# Can someone help me change my name?



## El Hondureño

I recently discovered that Hundurano is spelled wrong can someone help me change my name to El Hunduréno?


----------



## zebedee

Hi El Hunduréno,

You'll have to wait for Mike Kellogg, the Administrator, to come along and do that.
He should be along shortly!

Regards,
zeb

PS. and welcome to the forum by the way...


----------



## belén

Hey
Actually if you mean someone from Honduras, that would be "Hondureño" 

Anyway, changing nicks is only in the administrator, Mike Kellog's, hands. But I wanted to let you know about the word.

Cheers,
Belén


----------



## El Hondureño

Yeah that's what I mean Hundureño, I guess I'll just wait


----------



## zebedee

El Hundurano said:
			
		

> Yeah that's what I mean Hundureño, I guess I'll just wait



okay, so... I'm a bit confused now...do you want *Hondureño* ie someone from Honduras? or *Hundureño*?

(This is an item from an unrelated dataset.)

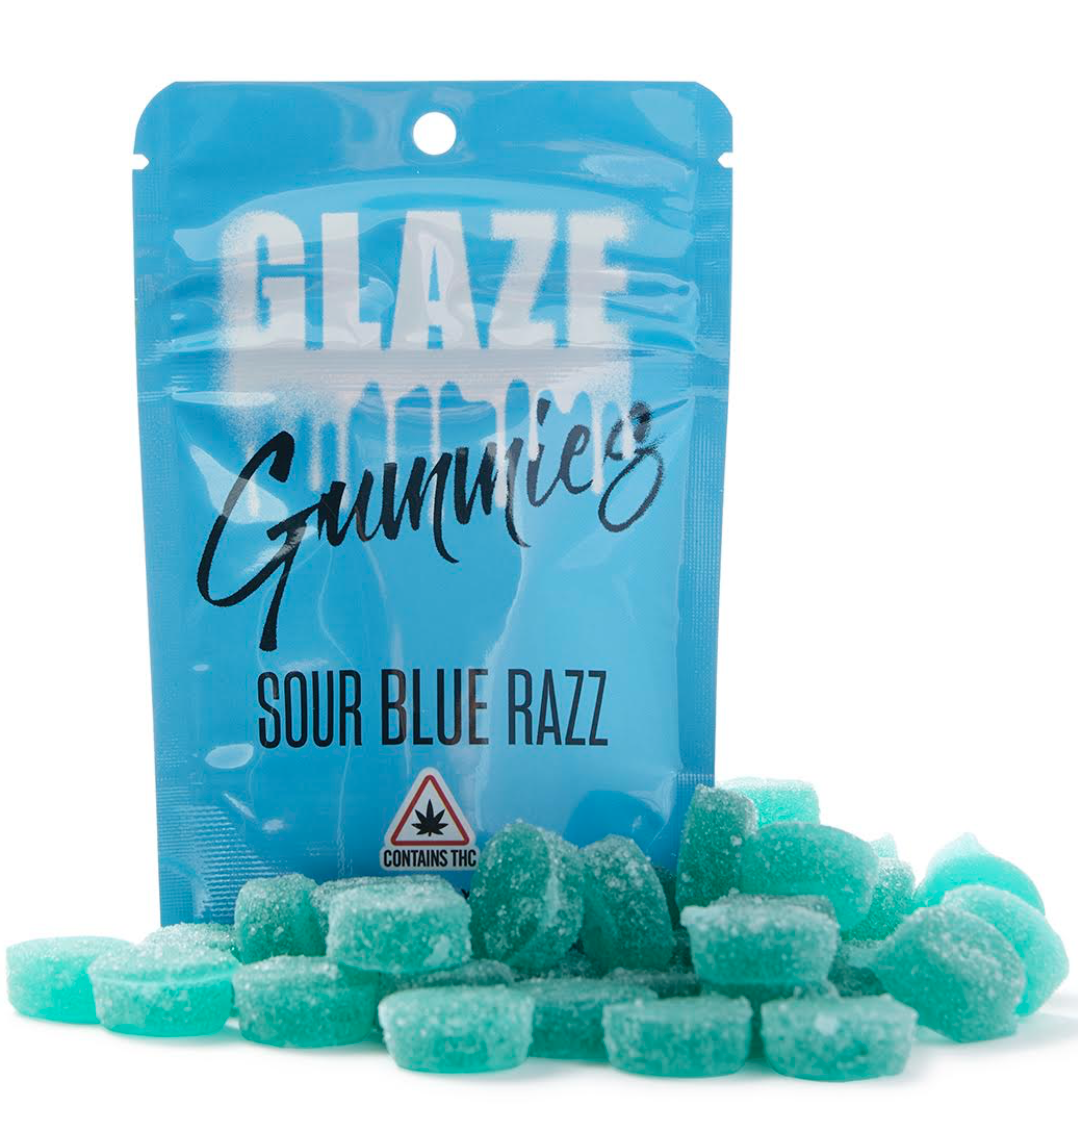 Glaze Sour Blue Razz Gummies

Just so that Mike'll know what to change your name to!


----------



## El Hondureño

El Hondureño as in someone from Honduras sorry about


----------



## cuchuflete

El Hundurano said:
			
		

> El Hondureño as in someone from Honduras sorry about



Hola,
While you are waiting for help with the name change, you can add a signature with the name you want...Go to "User Control Panel" in the upper left of the page, and you will see an option for Signature.
If you need help with it, PM me and I'll do it for you.

Saludos,
Cuchuflete


----------



## vg2424

people here are helpful!


----------



## zebedee

vg2424 said:
			
		

> people here are helpful!



Yes, as a general rule we are. But you'll find we also have very little patience with meaningless posts so please refrain from posting them.

Thank you.


----------



## supercrom

Hello, Hondureño!

You've got a very similar thread here.

*CROM*


P.S. I hope I can be CROM soon.


----------



## zebedee

Thanks Crom!

So Hondureño, you can see from the thread which Crom's helpfully posted that all you have to do is create a new user: "_El Hondureño_", then send Mike Kellogg (his nick is mkellogg) a Private Message asking him kindly to merge your present "_El Hundurano_" with the new "_El Hondureño_". Easy!

saludos,
zeb


----------



## mkellogg

I'm trying to to have to do this every week, but follow Zebedee's directions and I'll do it for you.

Mike


----------